— WHAT THE TASK ASKS —
Retype the whole listing, please, keeping every line exact and dropping the pictures.

— DATASET SECTION —
--- --- ---
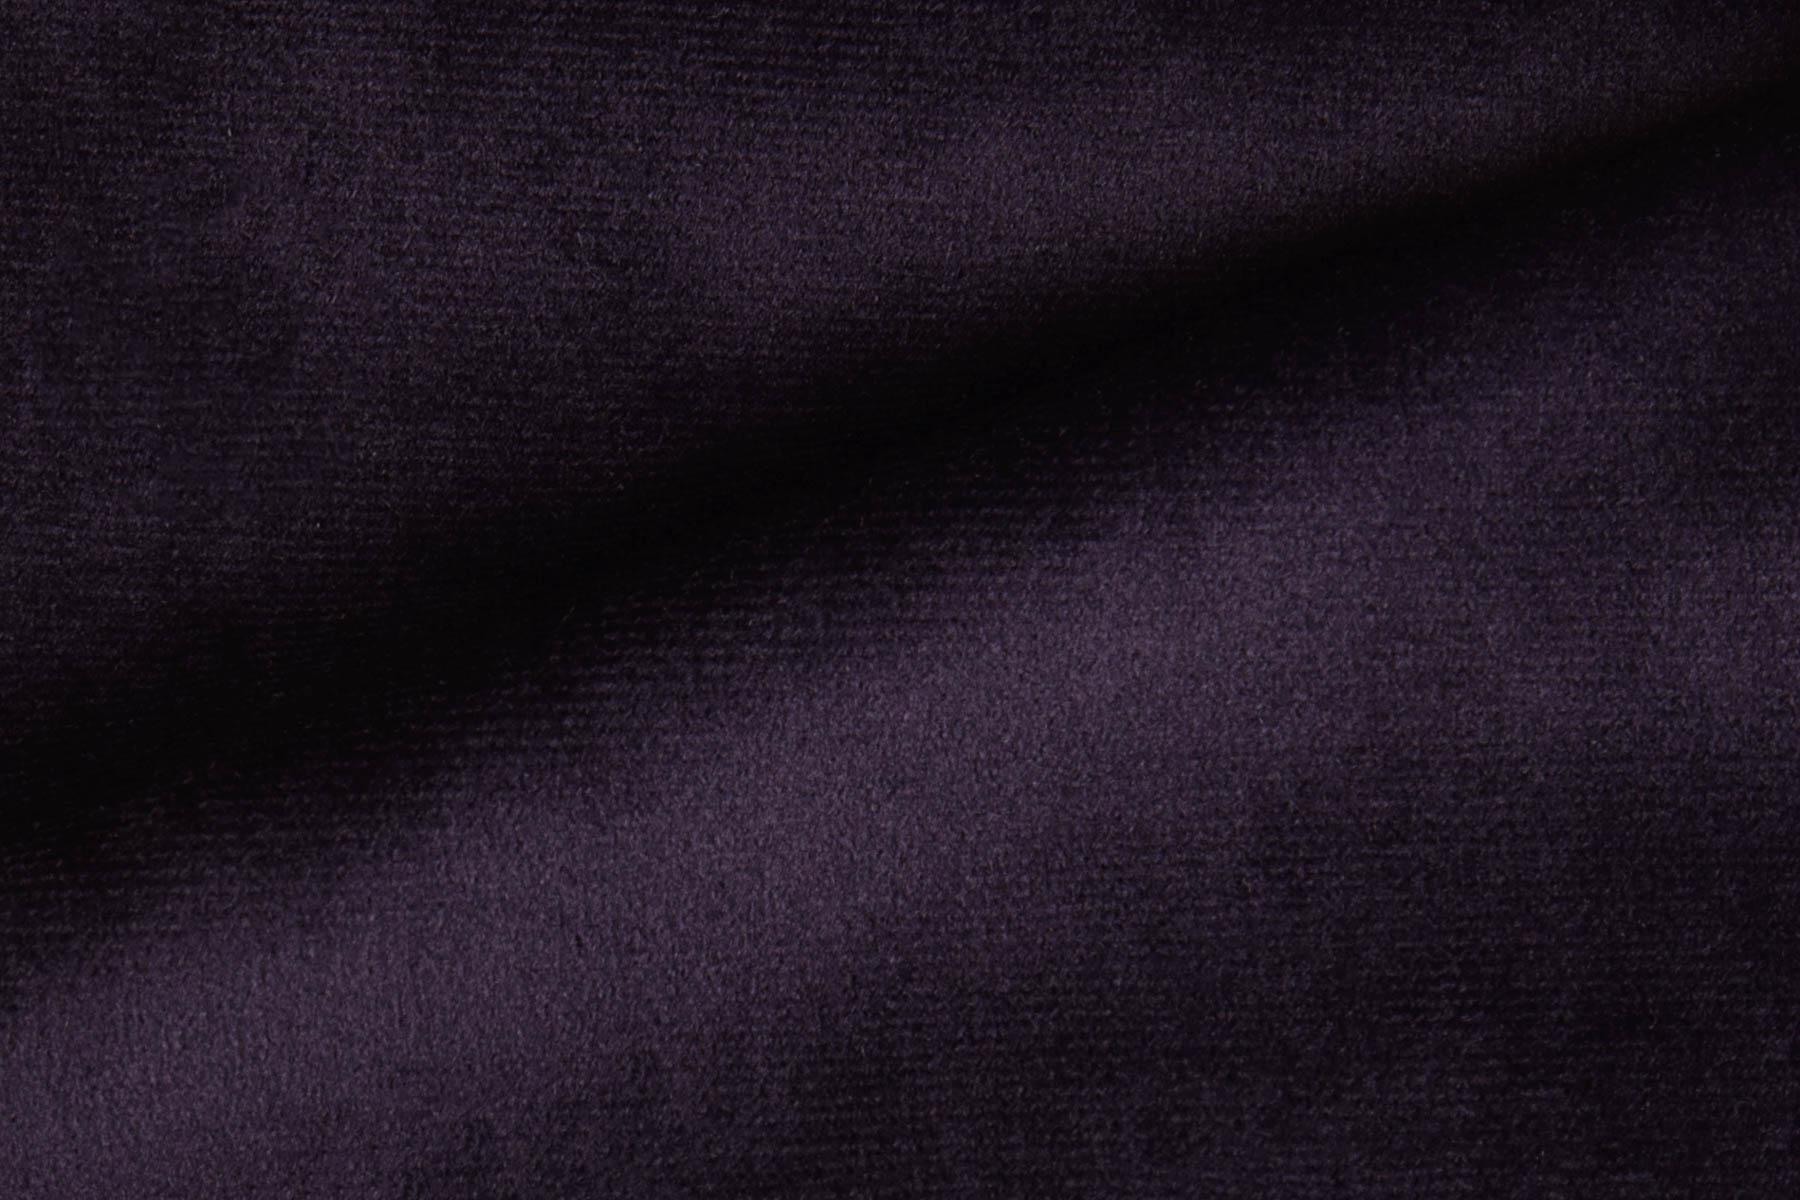 Fabric Radiance Velvet Deep Purple By Koket
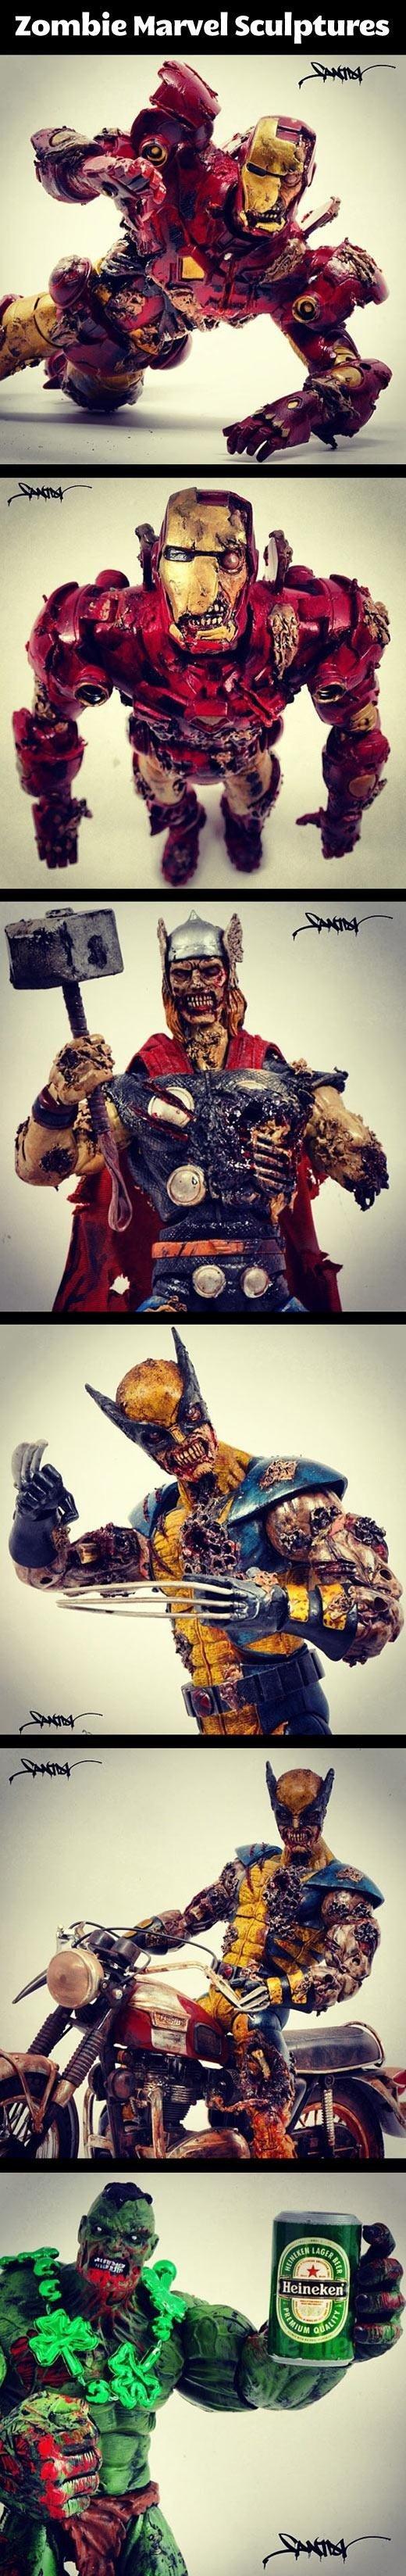 Zombie Marvel. . Zombie Marvel Sculptures. i kept hoping for deadpool... Zombie Marvel Sculptures i kept hoping for deadpool
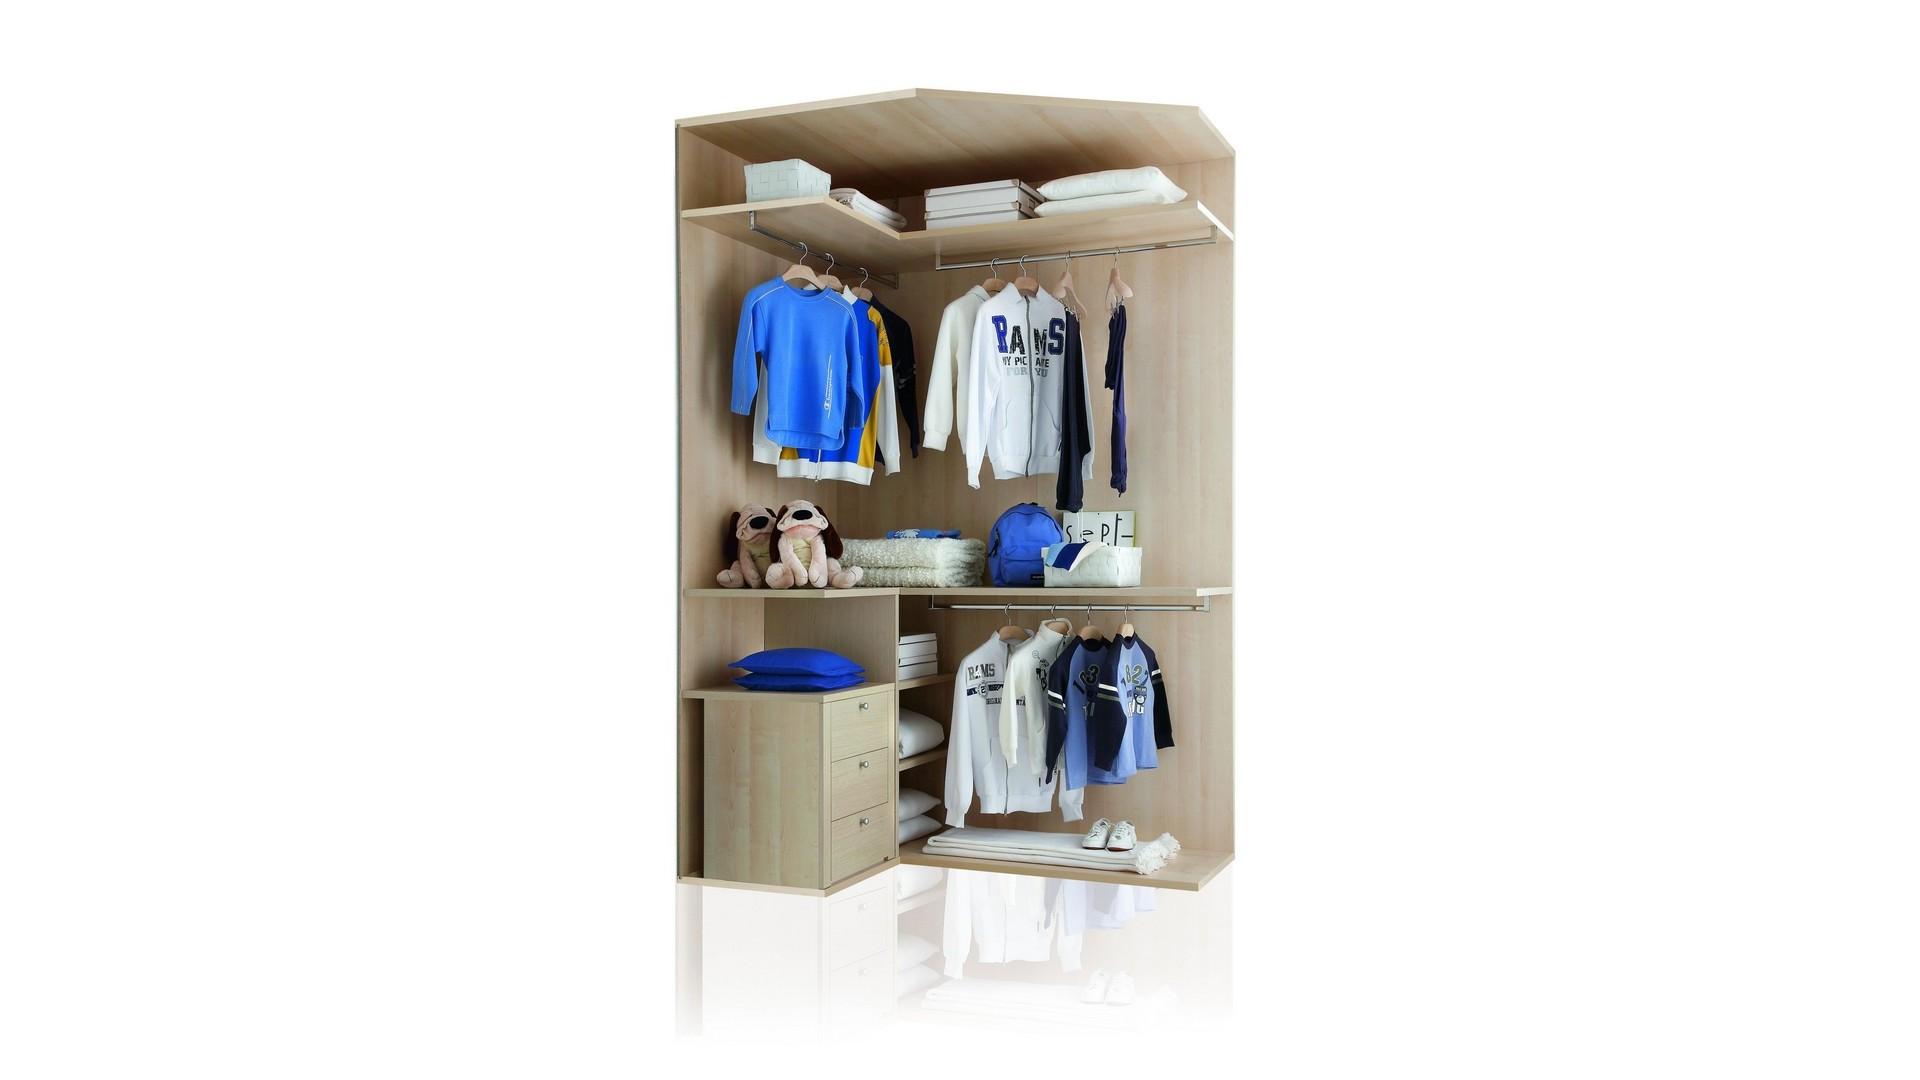 Cabine armadio modulari per camerette - Interni per cabine armadio ...
--- --- ---
— SOLUTION TO THE EXERCISE —
 Fabric Radiance Velvet Deep Purple By Koket
 Zombie Marvel. . Zombie Marvel Sculptures. i kept hoping for deadpool... Zombie Marvel Sculptures i kept hoping for deadpool
 Cabine armadio modulari per camerette - Interni per cabine armadio ...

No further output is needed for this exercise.